Original_Suunto_logo.jpg

 

 

In 1932, Tuomas Vohlonen, a surveyor by profession who had long been dissatisfied with the inaccuracy and unsteady needle operation of traditional “dry” compasses, applied for a patent for a unique method of filling and sealing an all-celluloid compass housing – producing a liquid-filled compass that dampened the excessive movement of the needle and protecting the compass from shock. Vohlonen's patent was granted in 1935 and mass-production of the new compass – called the Suunto M-311 – began in 1936, the Suunto company being entered in the trade register on 4 February that year.

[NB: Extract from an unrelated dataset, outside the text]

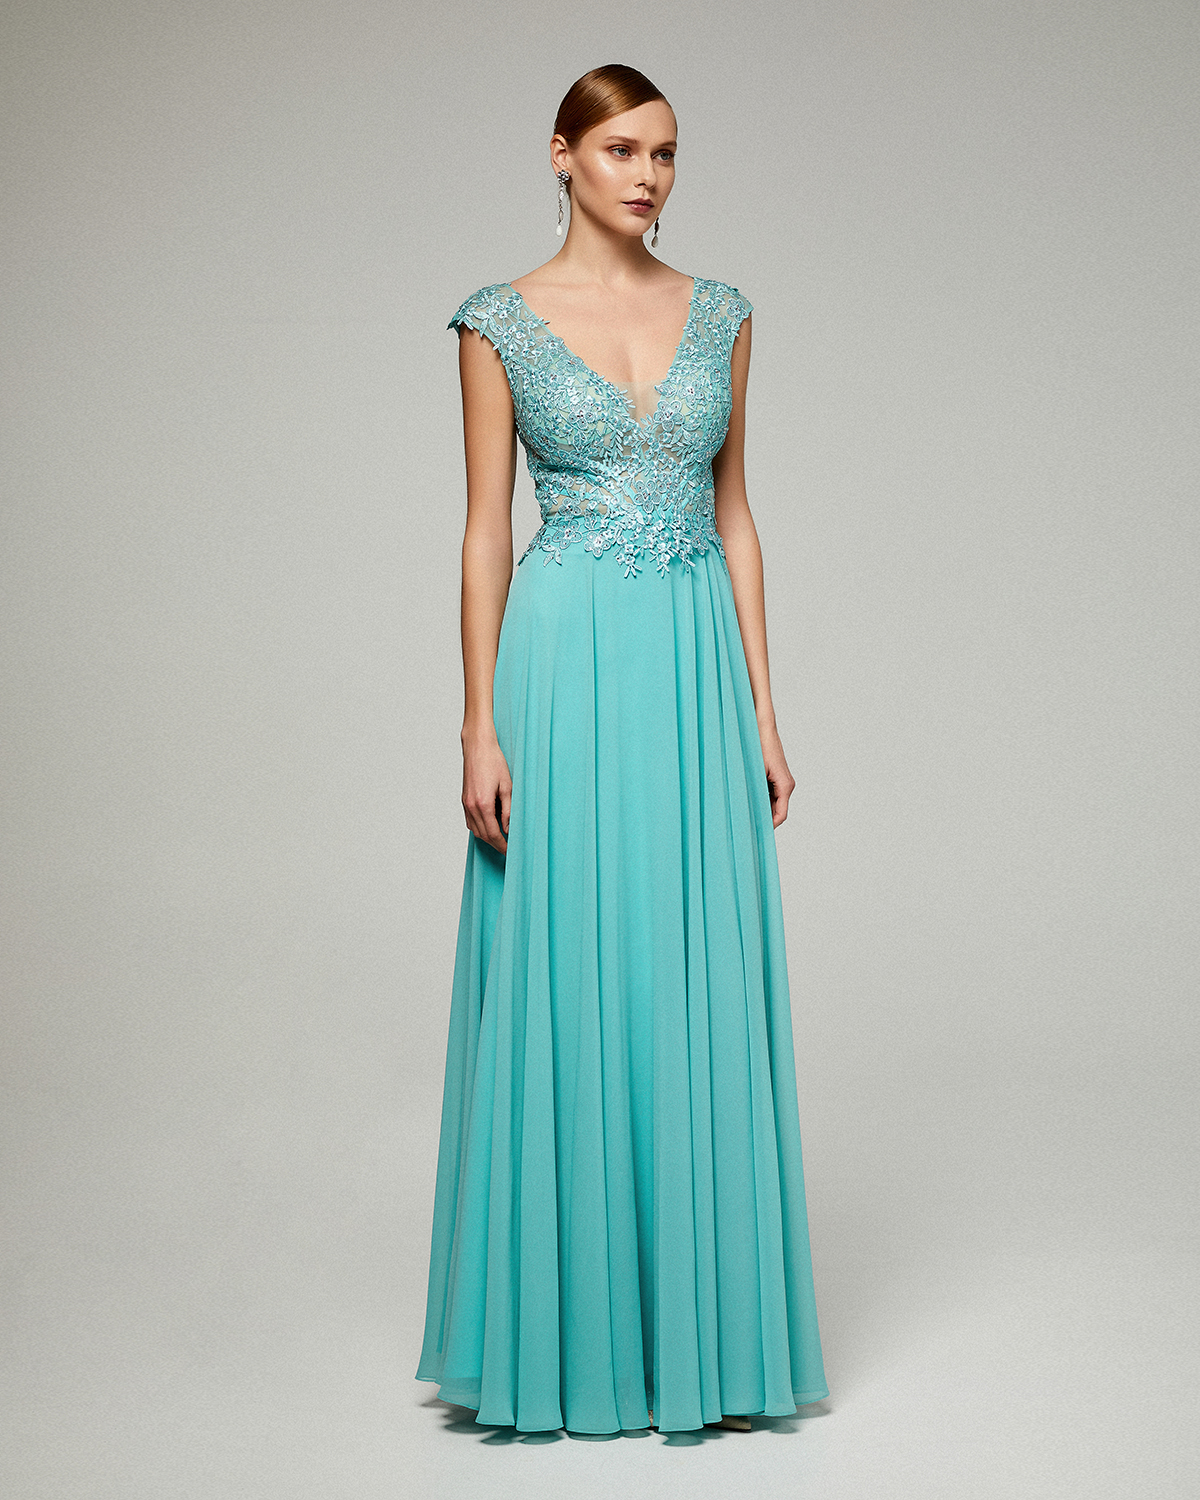 Classic Dresses / Long dress with chiffon fabric, beaded top with lace

Note that the Suunto name comes from the Finnish word, “suunta,” meaning “direction” or “path, or in navigation, “bearing” or “heading.”

Vohlonen's M-311 was not the first portable liquid-filled compass but it was distinguished by its compactness and light weight, enabling it to be easily worn on the wrist; with minor changes, it was adopted by the Finnish Army as the M-34.The M-34 wrist compass, which utilised an aluminium housing, was also produced by Physica of Helsinki, creating a long-running courtroom battle over the design rights that lasted until the early 1950s.

 

 

The Suunto M-311 compass (see text) (pic from upload.wikimedia.org):

800px-Suuntom311.JPG

 

 

 

During World War 2, Suunto had introduced a compact liquid-filled sighting compass - the M/40 – for artillery officers and other users as a means of obtaining accurate measurement of the azimuth, the horizontal angle of a bearing. Meanwhile, Tuomas Vohlonen had died in 1939 and Suunto was then run by his widow, Elli Vohlonen, who carried on the expanding business of supplying compasses and other navigational instruments until 1952 when she sold the company to Paavo Kajanne, Aarne Mahnala and Veli-Jussi Hölsö, who also owned Redox Oy. From the late 1930s until 1959, Suunto Oy (“Oy” meaning “Ltd”) was located in the backyard building of Laivanvarustajankatu 8, Ullanlinna, Helsinki. In 1959 the company address became, Itämerenkatu 52, Ruoholahti, Helsinki, moving in 1969 to Juvan Teollisuuskatu 8, Juvalmalmi, Espoo. Finally, in 2001, Suunto Oy's headquarters moved to its current location in Valimotie 7, Tammisto, Vantaa.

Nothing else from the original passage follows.